**Try it**: Copy word for word the lines of the records below, beginning at the one with "web page - jacky" and finishing at the one with "Parts of path wind through thick vegetation", ends included, but none of the pictures.

**Provided material**:
[Start of section]
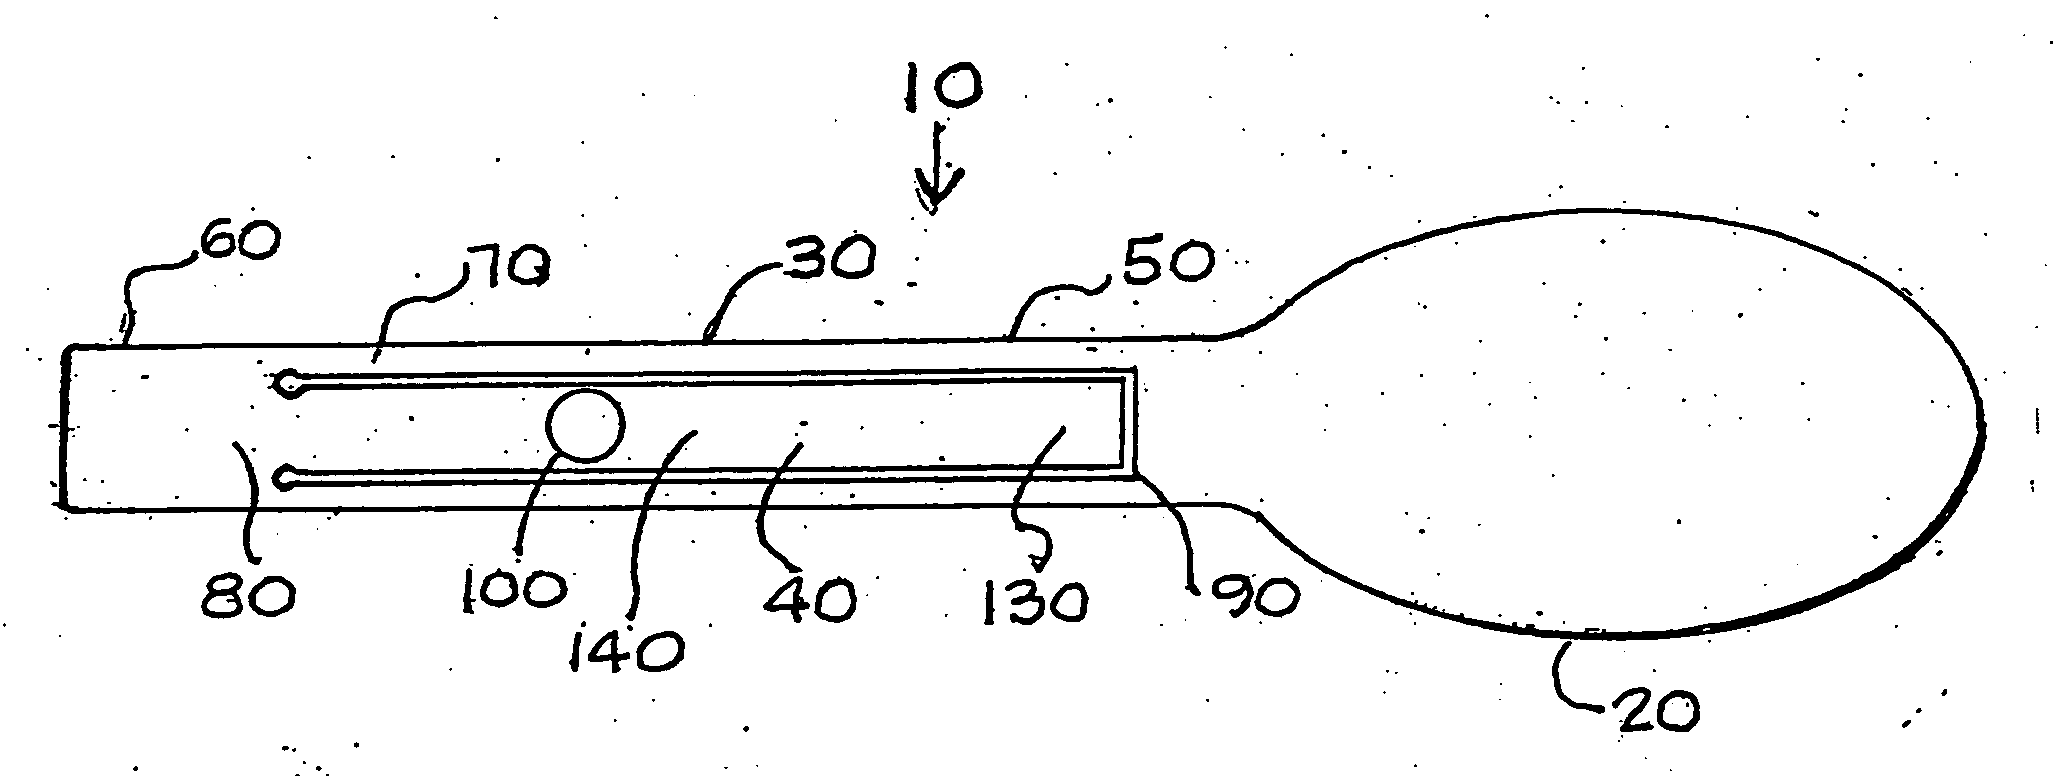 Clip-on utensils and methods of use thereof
[End of section]
[Start of section]
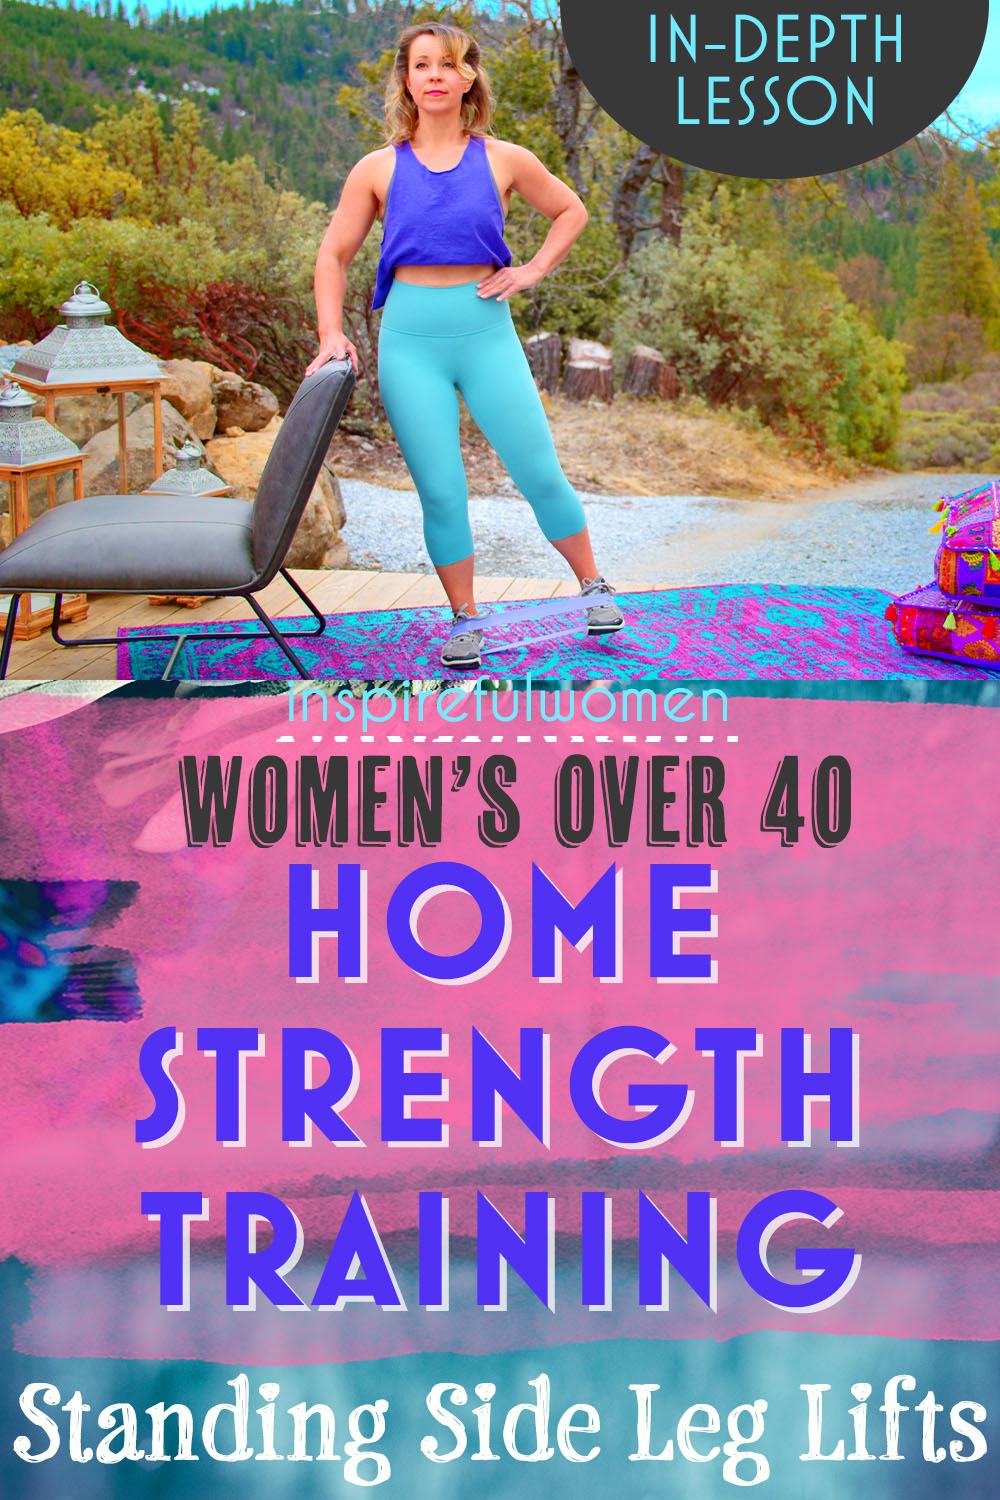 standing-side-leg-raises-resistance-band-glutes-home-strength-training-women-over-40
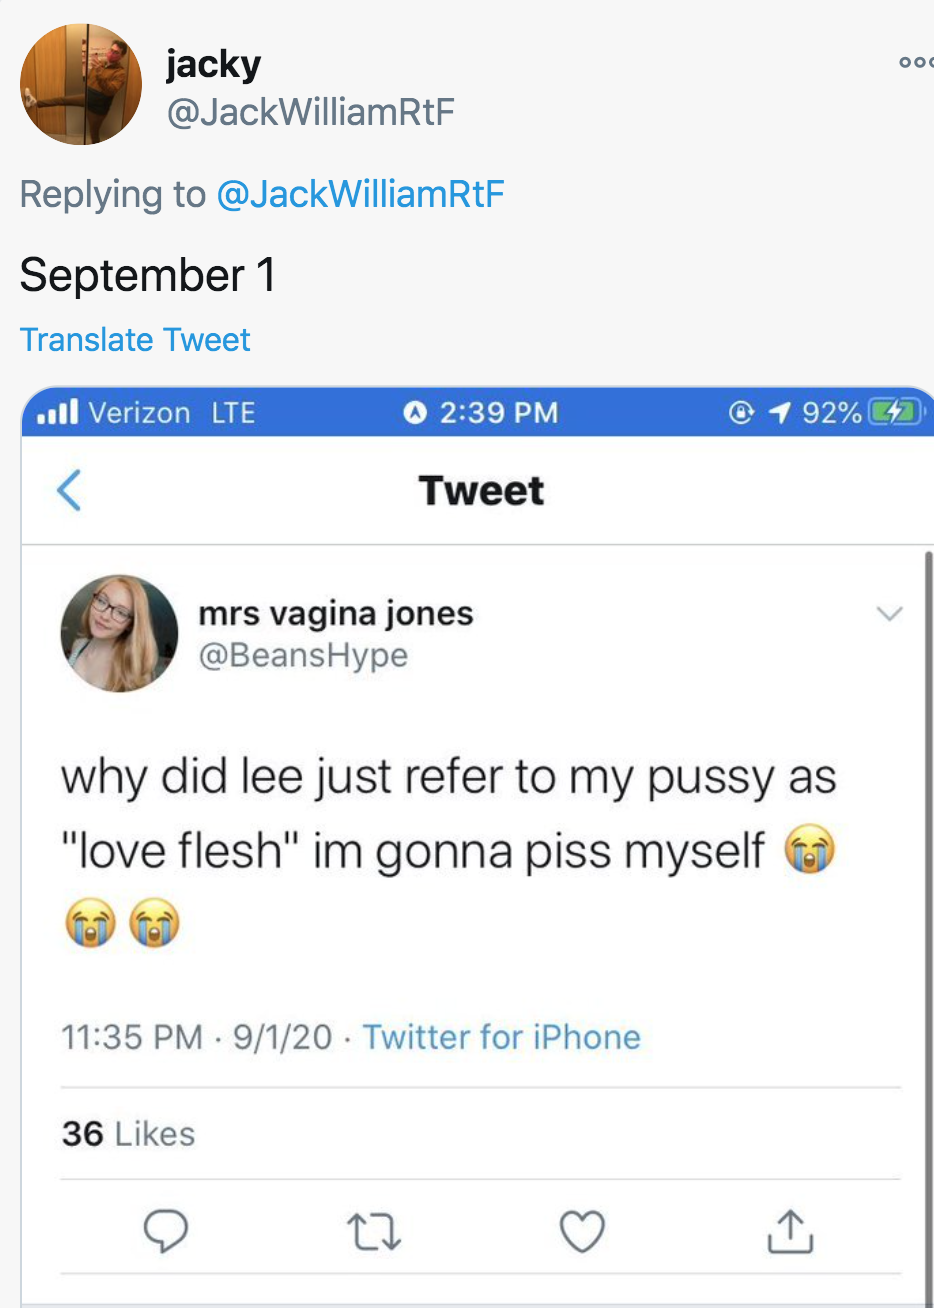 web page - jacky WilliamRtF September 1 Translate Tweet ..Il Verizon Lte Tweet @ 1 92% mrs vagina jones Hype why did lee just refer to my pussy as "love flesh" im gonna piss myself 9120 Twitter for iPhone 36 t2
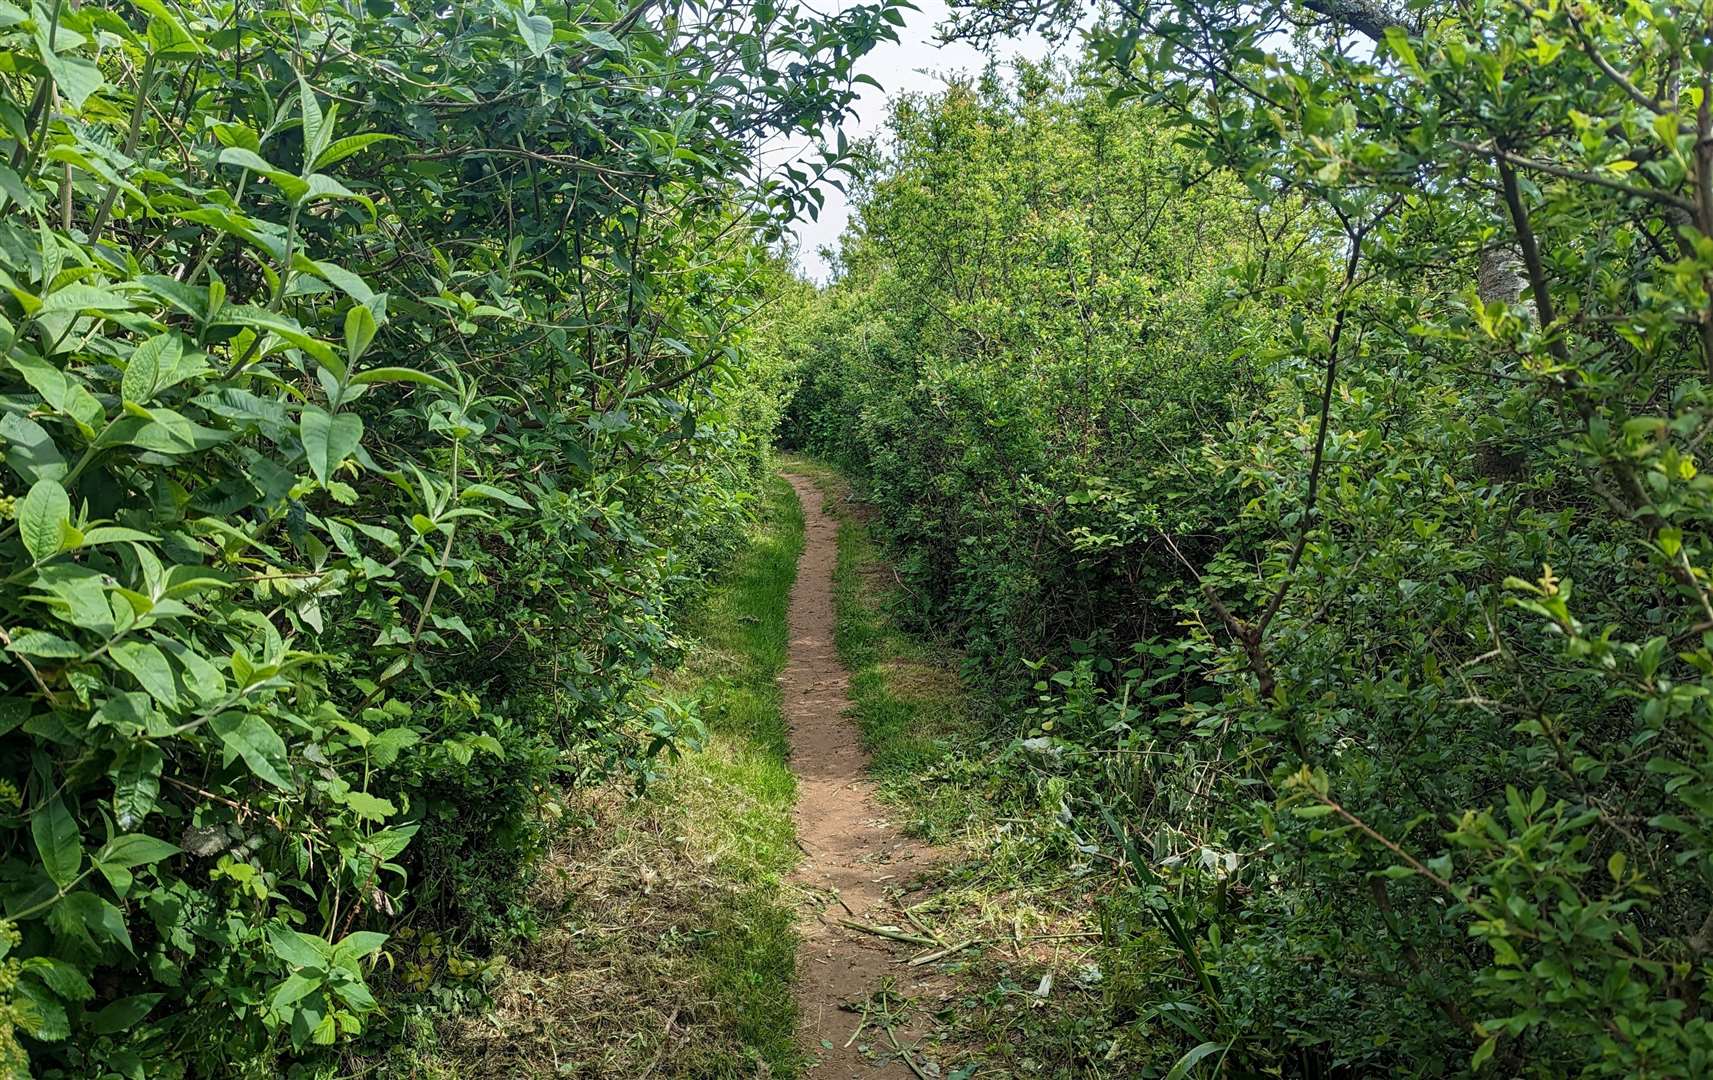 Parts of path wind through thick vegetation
[End of section]
**Response to the task**:
 web page - jacky WilliamRtF September 1 Translate Tweet ..Il Verizon Lte Tweet @ 1 92% mrs vagina jones Hype why did lee just refer to my pussy as "love flesh" im gonna piss myself 9120 Twitter for iPhone 36 t2
 Parts of path wind through thick vegetation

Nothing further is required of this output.